Selain menjadi infrastruktur, Ulum menekankan kepentingan penggunaan plastik bekas yang telah dikategorikan.
Menurutnya, plastik dapat dimanfaatkan menjadi barang yang memiliki manfaat seperti batu bata ramah lingkungan, kerajinan tangan, maupun inovasi produk kreatif lainnya.
“Penyediaan fasilitas pemilahan sampah ini merupakan langkah awal yang positif. Namun jangan berhenti hanya di Kayutangan, sebaiknya diperluas ke lokasi-lokasi penting lainnya hingga tingkat kelurahan dan kecamatan,” ujar Ulum, pada Minggu (24/8/2025).
Dengan demikian, pengelolaan sampah tidak hanya bertujuan pada kebersihan, tetapi juga mampu menciptakan peluang ekonomi baru bagi warga.
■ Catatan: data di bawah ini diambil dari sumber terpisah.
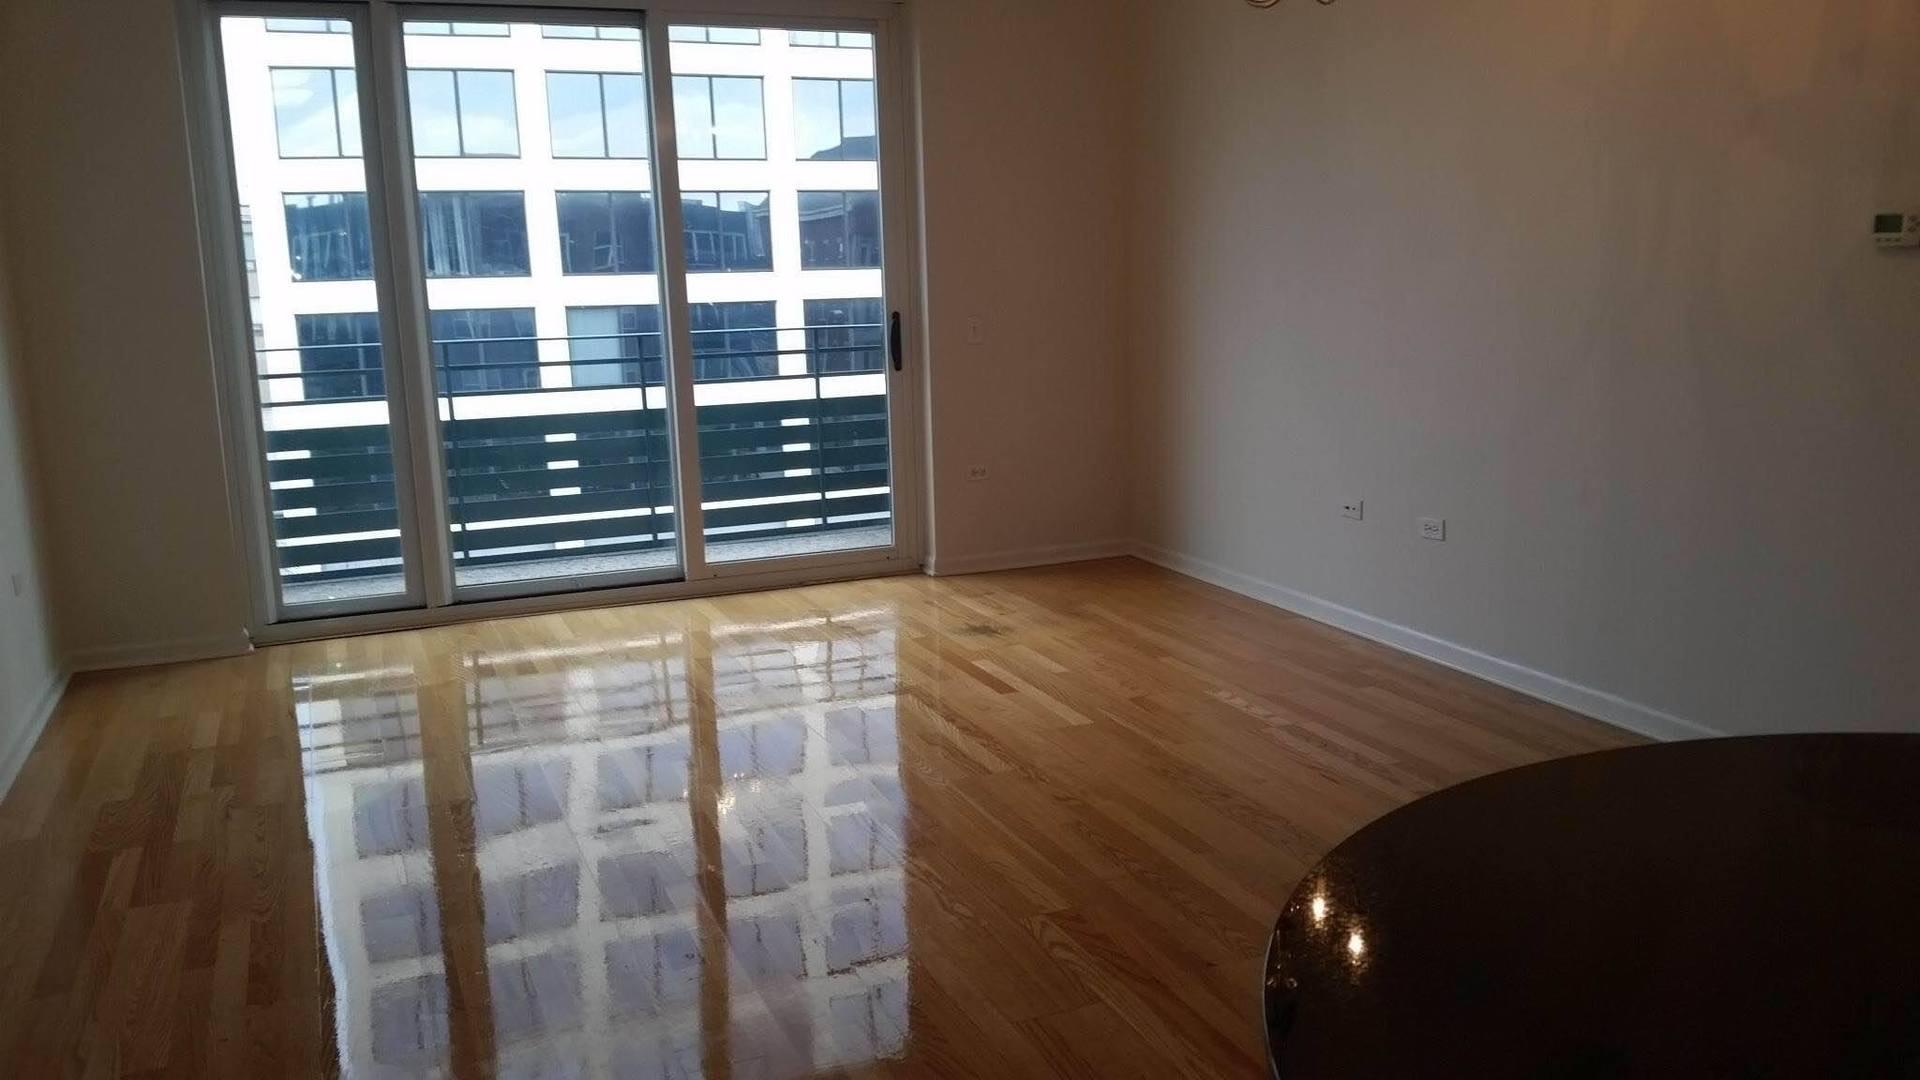 17 W 35th St apartments for rent at AptAmigo

“Limbah plastik dapat menjadi kesempatan untuk mengasah kreativitas sekaligus mendorong perekonomian masyarakat,” katanya.
Ia juga mendorong terbentuknya Peraturan Daerah (Perda) mengenai pembatasan penggunaan plastik sekali pakai, mirip dengan yang telah diterapkan di Bali, Jakarta, dan Yogyakarta.
Peraturan daerah ini akan menjadi dasar hukum sekaligus alat efektif dalam mengurangi penggunaan plastik sebagai kemasan makanan dan produk turunannya. Menurutnya, hanya adanya regulasi saja tidak cukup.
Pendidikan dan sosialisasi, baik melalui media digital maupun langsung, perlu dilakukan secara bersamaan.
“Dengan pendidikan yang terus-menerus, masyarakat semakin memahami dan berpartisipasi dalam menjaga lingkungan sekitar, khususnya Kota Malang,” tambahnya.
DPRD Kota Malang dianggap telah mengambil tindakan nyata dengan membatasi penggunaan botol plastik sekali pakai dalam kegiatan internal.
Sebagai contoh, dalam rapat paripurna, DPRD mengganti minuman kemasan plastik dengan tumbler atau gelas yang bisa diisi ulang.
“Kami berkomitmen memulai dari hal yang kecil, agar masyarakat juga ikut meniru,” kata Ulum.
Gerakan ini tidak hanya sekadar kebijakan lingkungan, tetapi juga pembentukan budaya baru dalam masyarakat Kota Malang.
“Jika semua komponen bergerak, Malang dapat menjadi contoh kota yang serius dalam mengelola sampah plastik sekaligus menciptakan ekonomi kreatif yang berbasis lingkungan,” ujarnya.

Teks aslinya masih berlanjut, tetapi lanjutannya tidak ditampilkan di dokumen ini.